Like all good diners, their dishes are comforting. Although now we definitely consider cha chaan teng food a part of Hong Kong cuisine, they were originally Chinese Western restaurants, the counterpart to American Chinese restaurants. They took Western food and put a Chinese twist on it, adapting dishes to local tastes. Many of my British coworkers did not care for Hong Kong-style milk tea. It is a far cry from their “proper” tea with milk, but my American taste buds love the punch-you-in-the-face flavor. Baked cheesy rice dishes coexist with fried rice and braised pork belly. For afternoon tea (another British tradition), you can have your choice of French toast or soup noodles. It’s a win-win.
A lot of modern cha chaan tengs have been popping up. Often big chains, they are usually more spacious, bright, comfortable, clean, and insanely popular. They serve up the same dishes and afternoon tea deals as traditional CCTs but with padded booths instead of creaky stools. They don’t have the nostalgia factor of the more traditional shops, but they are smart for repackaging the CCT in a way that appeals to even more people.

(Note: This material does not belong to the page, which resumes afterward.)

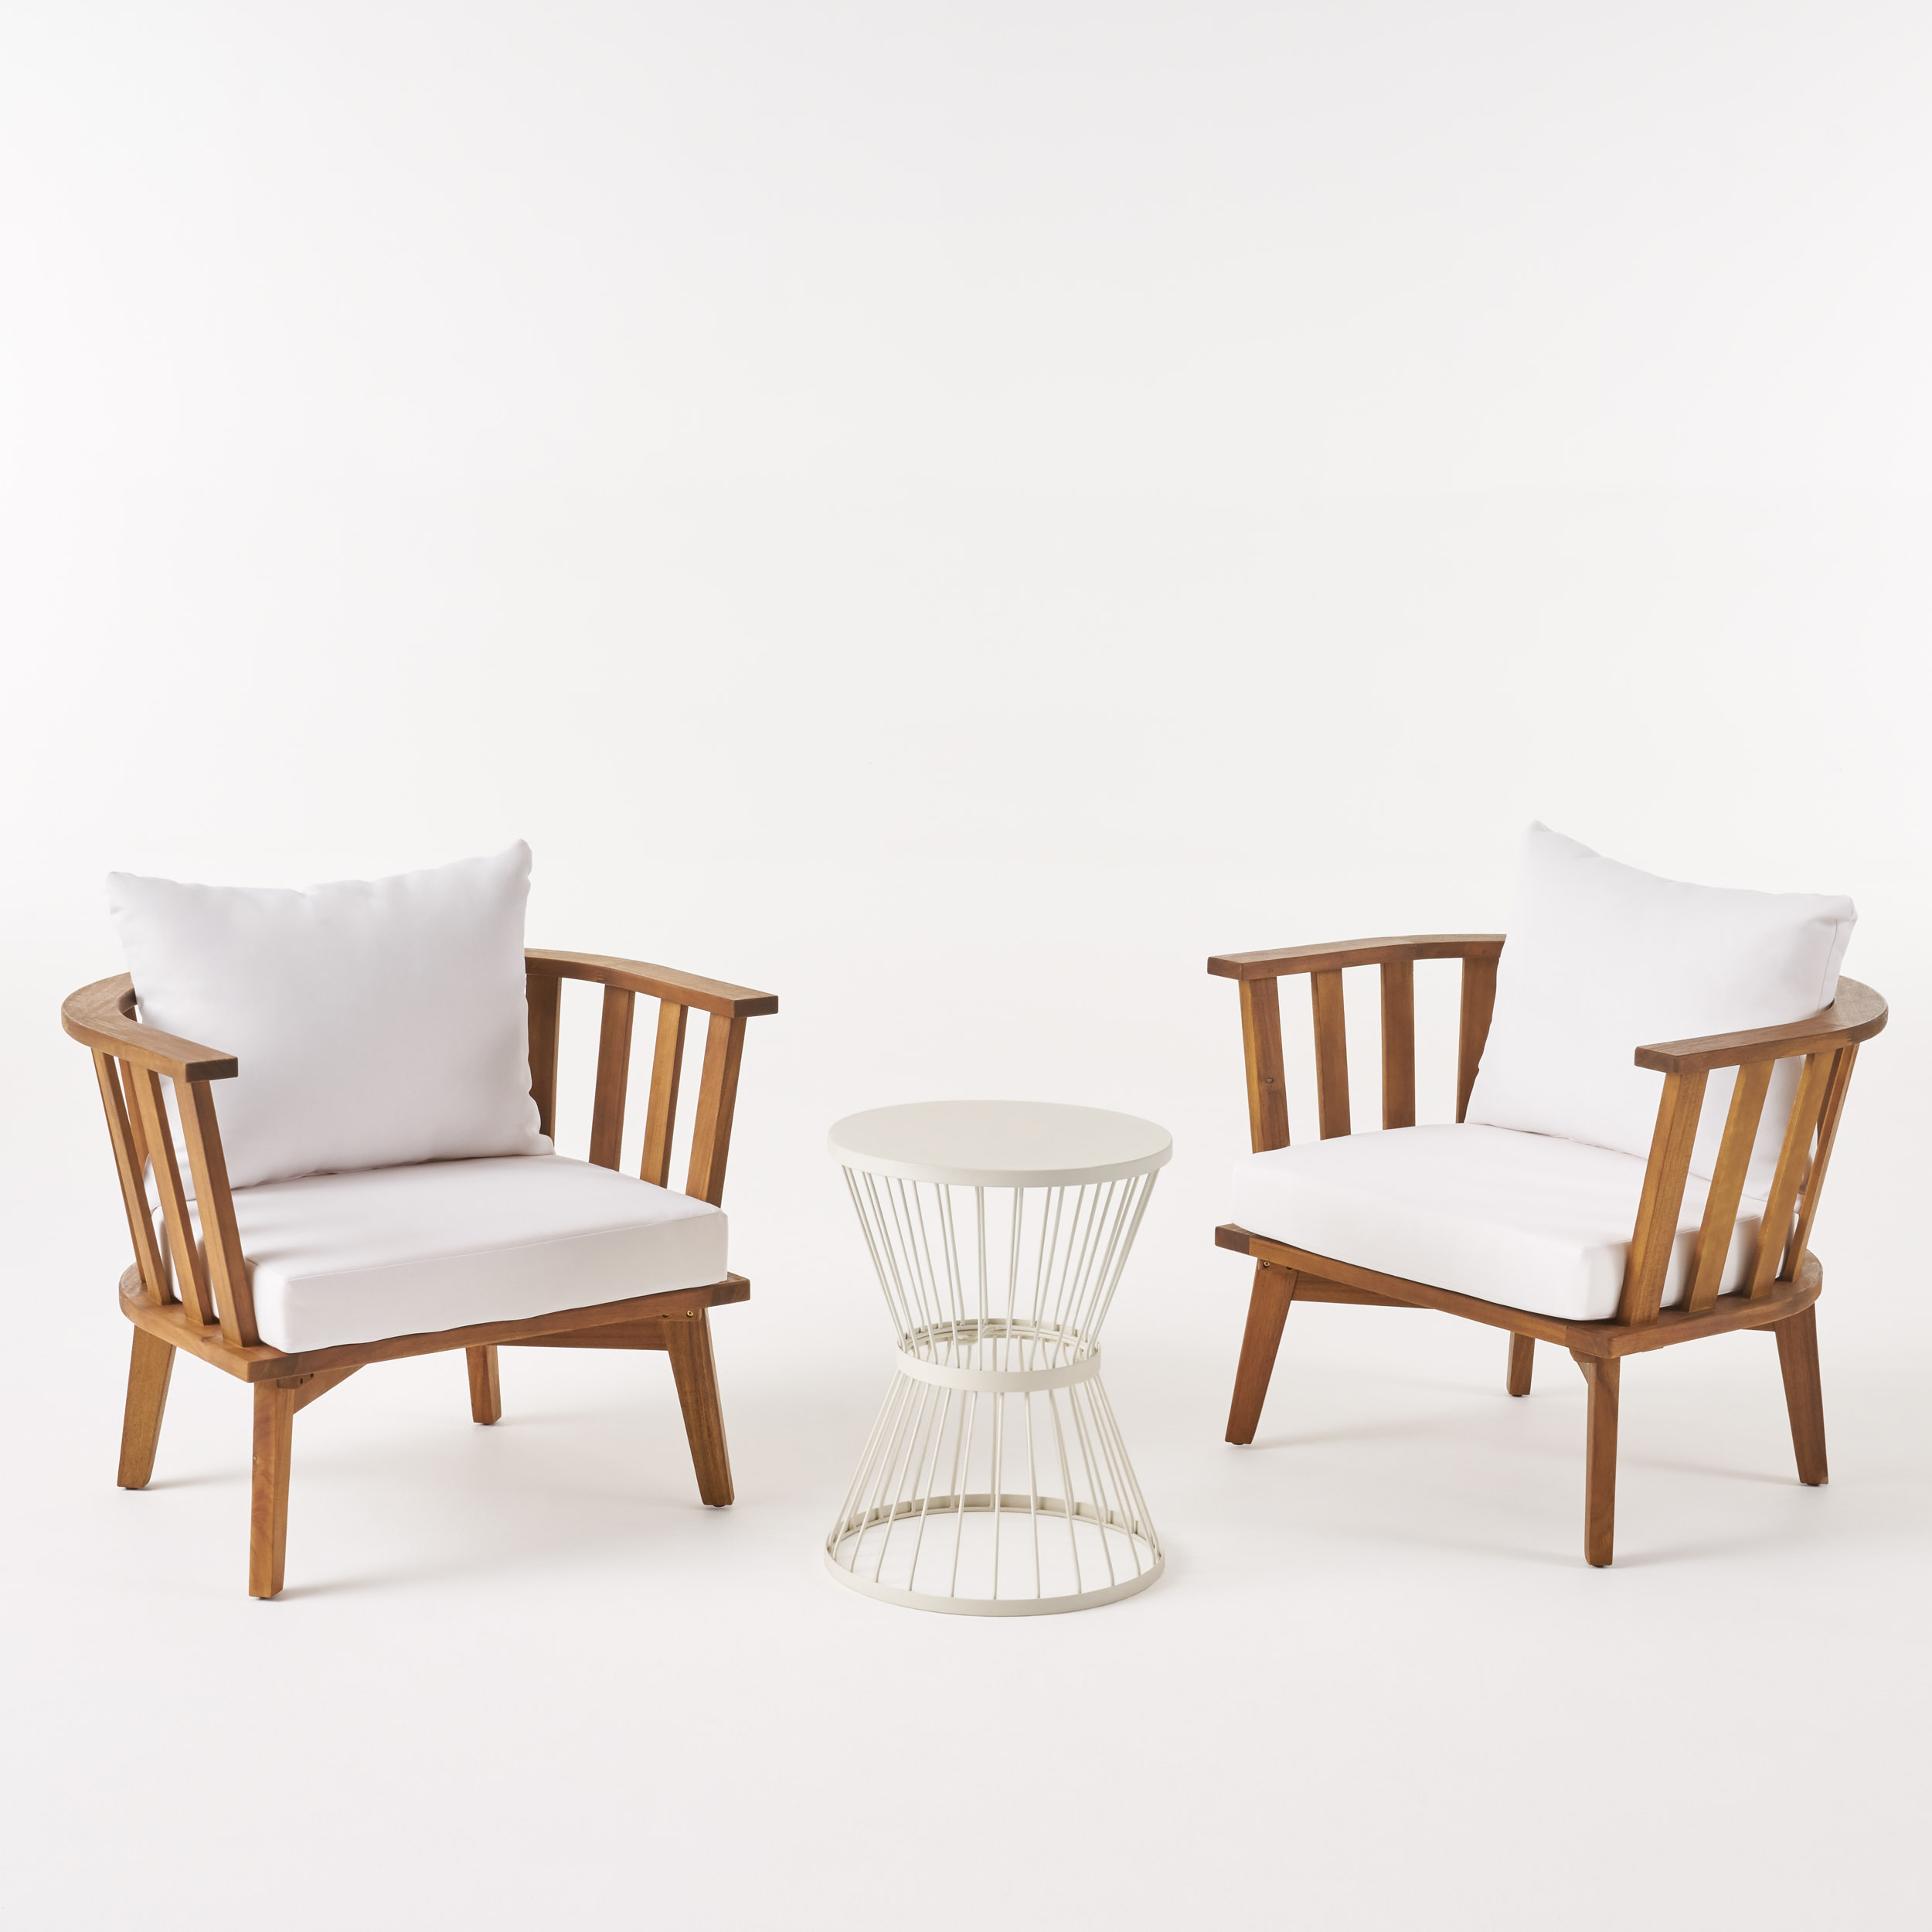 Noble House Phipps 3-Piece Outdoor Wood Conversation Set in Teak and White - image 1 of 6

That is one of the greatest things about cha chaan tengs: they really are for everyone. Rich or poor, young or old. You will see business men in suits next to construction workers, retirees, moms with their little kids, and young guys covered in tattoos. All segments of the population walk through their doors and drink their tea. In an often divided and tumultuous world, everyone can agree that after a rough day, nothing quite hits the spot like a freshly baked pineapple bun with butter. The only question is, milk tea or lemon tea?